Georgetown University’s Newspaper of Record since 1920

The Hoya

Georgetown University’s Newspaper of Record since 1920

The Hoya

Georgetown University’s Newspaper of Record since 1920

The Hoya

Quartey Focuses on Diversity, Charity

Minnie Quartey (GRD ’06) is a Patrick Healy Fellow and a Resident Advisor in Harbin Hall. She attends classes at Gallaudet University twice a week, learning American Sign Language from hearing-impaired teachers and peers. Two years ago, she founded a charity Girls for Grace in her hometown of Valdosta, Ga., to help prepare under-privileged girls for college. After receiving her master’s degree next year, Minnie plans to return to Georgia to oversee her charity’s growth.

What are you most passionate about on and off campus?

On campus, the first passion would be being an RA. This is my second year as an RA. Being an RA has taught me about leadership, how to deal with people and different situations that are unexpected and how to think on your feet and act quickly, not to be a problem solver but to help [residents] solve the problem.

It’s about making a community on the floor. Also, being an RA allows you to meet a lot of new people, but not in a superficial way, because you really get to know them.

The other passion is [the] Patrick Healy Fellows. It’s a CMEA [Center for Minority Educational Affairs] program for minority students who are really outstanding in their communities.

There are four or five components of the program, we do community service . one of the biggest things that’s helped me is the mentorship. We network with most of our alumni, who are really successful people in law fields, the nonprofit sector, pretty much any field you need to go into, and they match you with a mentor.

Off campus, I’ve started a nonprofit organization called Girls for Grace, and over the next two years I’m working on getting it incorporated in Valdosta, Ga. Right now it’s very small . we serve about 20 girls, and we’re hoping to grow to 50 to 100 girls in the next two or three years. It’s a mentoring program to give them direction about college and life skills . [the girls] start at age 12 and usually end at 17, when we help them get into college.

What does Black History Month mean for you?

It’s not a time to celebrate black culture, but more of a time to bring in the world community into the rich history of African Americans . for me Black History Month is not just a month, it’s exposure for other people to the history. It’s also a chance for me to learn about my own history, my own culture, my own past.

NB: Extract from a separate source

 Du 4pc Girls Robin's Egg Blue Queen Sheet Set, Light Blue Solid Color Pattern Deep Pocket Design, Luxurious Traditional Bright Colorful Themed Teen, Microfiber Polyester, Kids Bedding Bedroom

What’s important to remember is we can’t isolate it from February 1 to February 28 and learn about all the wonderful black people in the world, but we also need to learn about the issues that surround [African-Americans] and it needs to be an ongoing process.

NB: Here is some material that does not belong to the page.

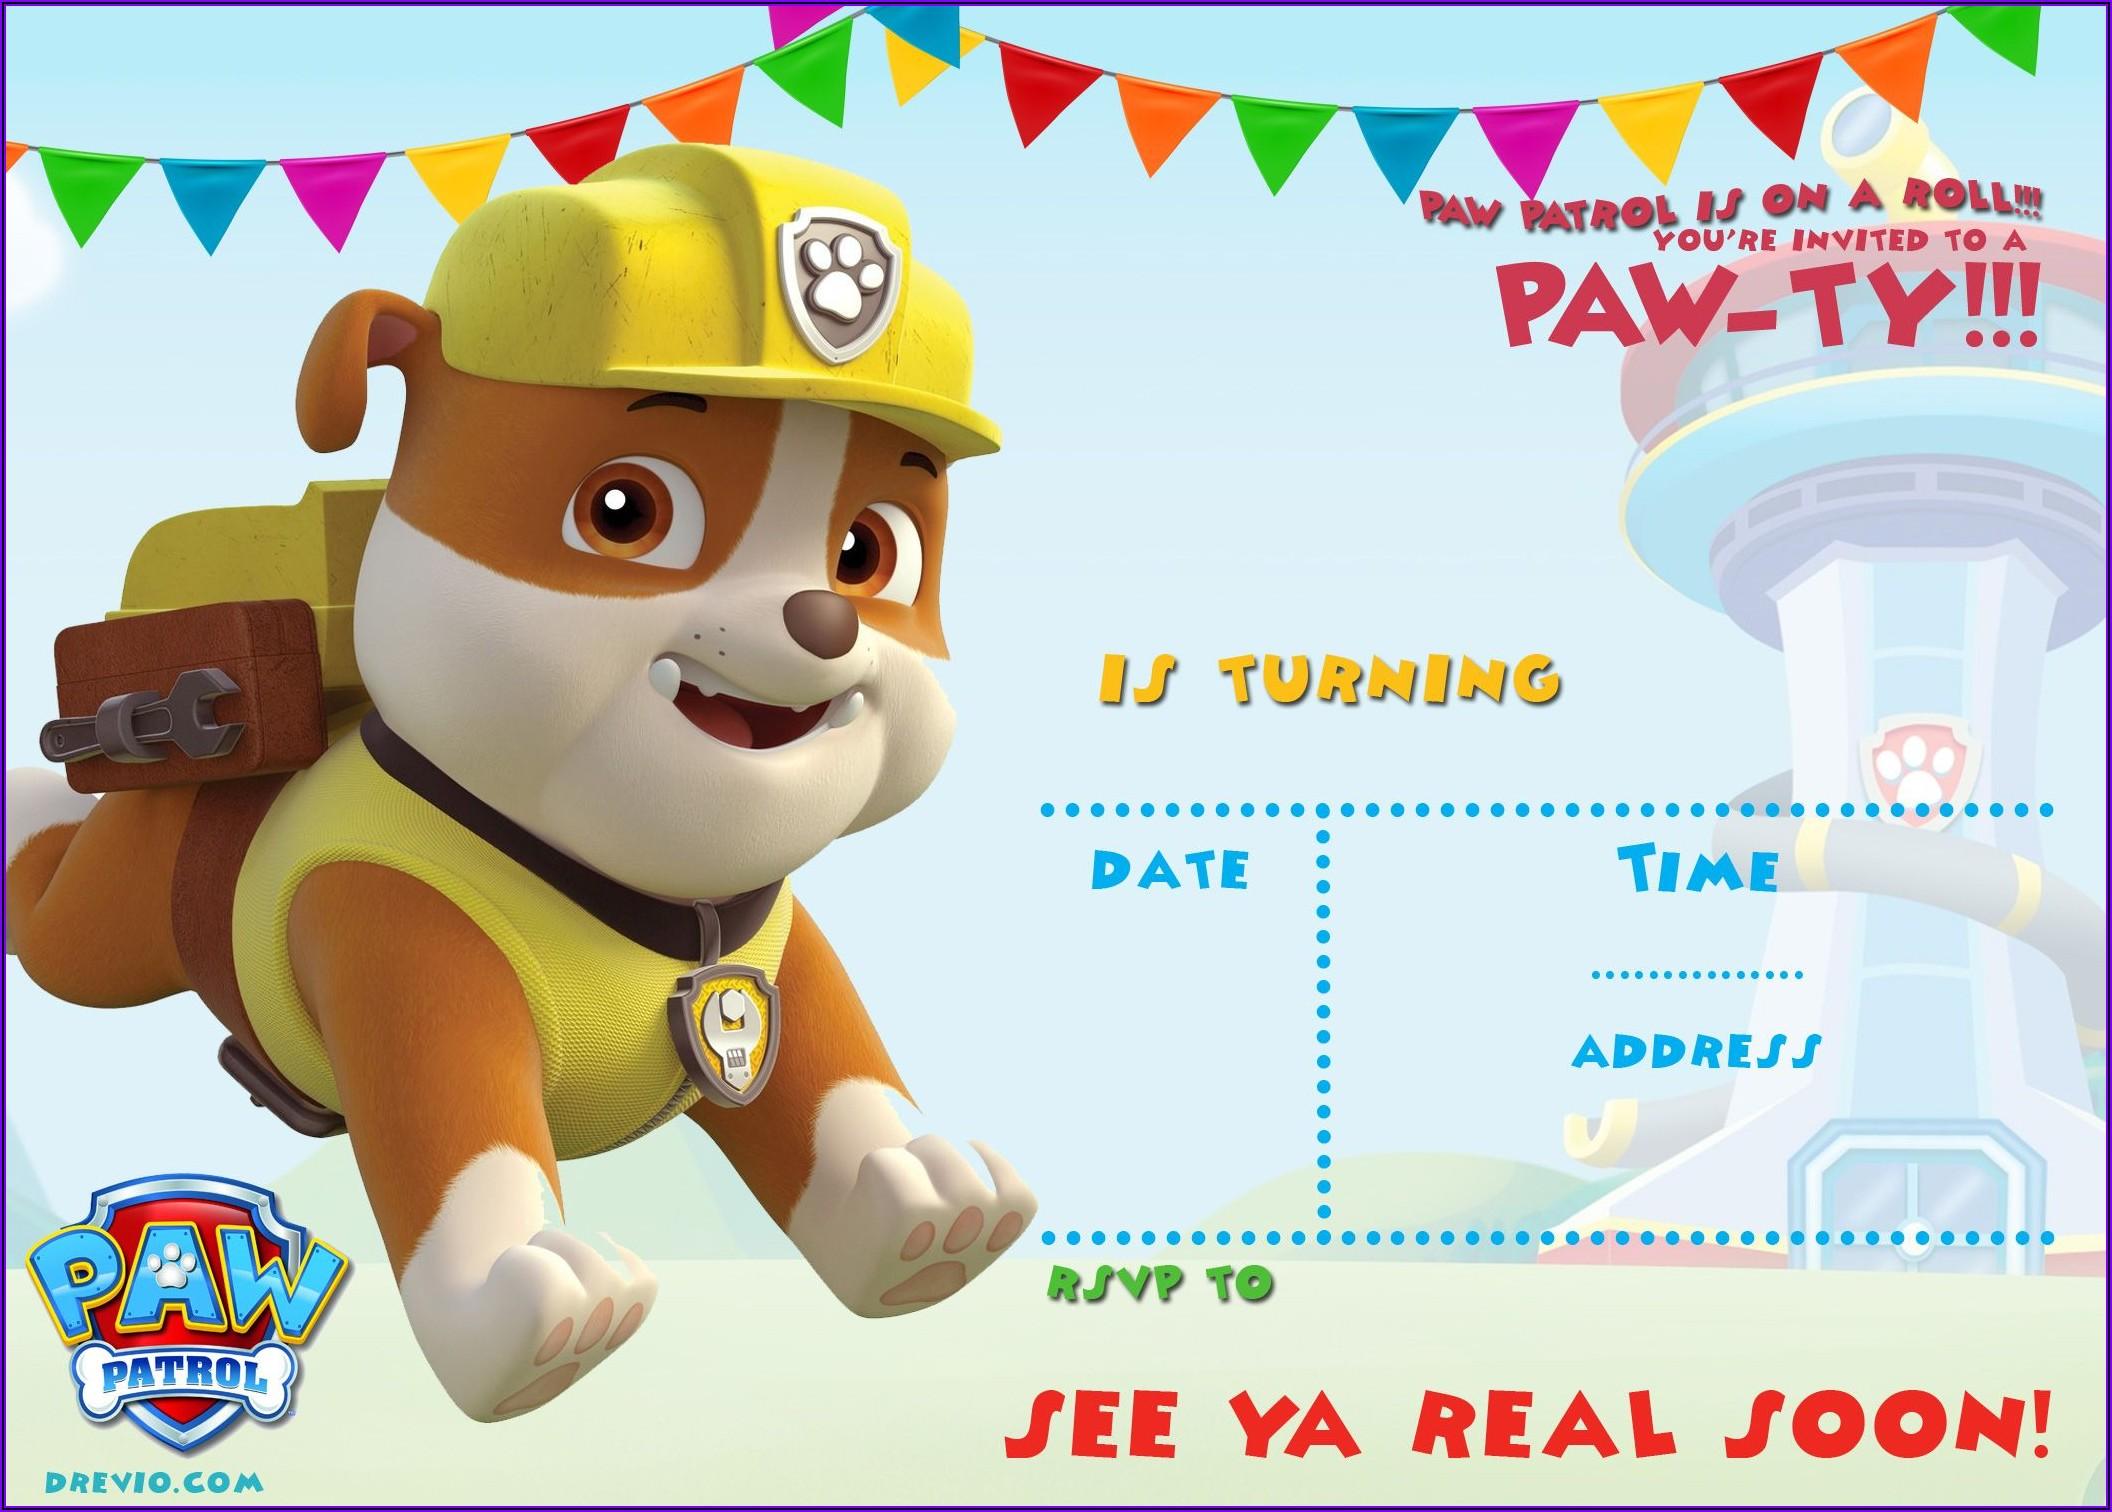 Customizable Paw Patrol Invitations

I think February is a time to expose those issues to people who are interested because it’s Black History Month, but we need to continue with the spirit throughout the year and help those who have lost their way, and get them back on track. Black History onth is the gate to all that.

What is one aspect you particularly like about Georgetown, and what is one thing you would change about the school?

Spiritual diversity is very promoted and very evident, but other types of diversity sometimes get lost in the shuffle. For me that’s a problem because it almost limits people. By that I mean, if I don’t fit the Jane Joe Hoya I have to work even harder to excel in the classroom or to meet or exceed expectations, and that’s almost unexpected of me, and I feel like I’m looked down upon because of that. That’s the one thing I want . to see that it’s not all about being Jane and Joe Hoya but about being yourself, and that we celebrate all types of diversity and not just spiritual diversity.

What I do love about Georgetown is that it opens a lot of doors, you have the experience you wouldn’t have at other schools . one, the location, and two, because people here really take their Georgetown experience into their own hands and make it their own. People take time to make the experience their own, whatever that may mean, maybe getting an internship or working with inner school children who can’t read at grade level, or maybe that means being the professor who challenges students to go beyond their comfort zone, or being the administrator who reaches out to the students they see having a hard time, to me that’s what encompasses the Georgetown experience.

I give you $20 for the day. Where would you go, and what would you do?

I would pack a picnic, I’d go down to East Potomac park, and there’s a statue there called The Awakening, over by the Jefferson and FDR memorials. The actual place I’m talking about is called Haines Point . there’s this statue of a man coming out of the ground, his face is filled with determination and so much liveliness and intensity . the statue’s about revitalization of the Potomac river, and he’s coming out of the ground to say “I’m back, I’m here.”

I think I would spend the day there and take friends along. We just would have a good time. For me it’s just a place of serenity and also just a place of encouragement. If I only had $20 I would spend it on lunch and a cab ride over and just spend the day there.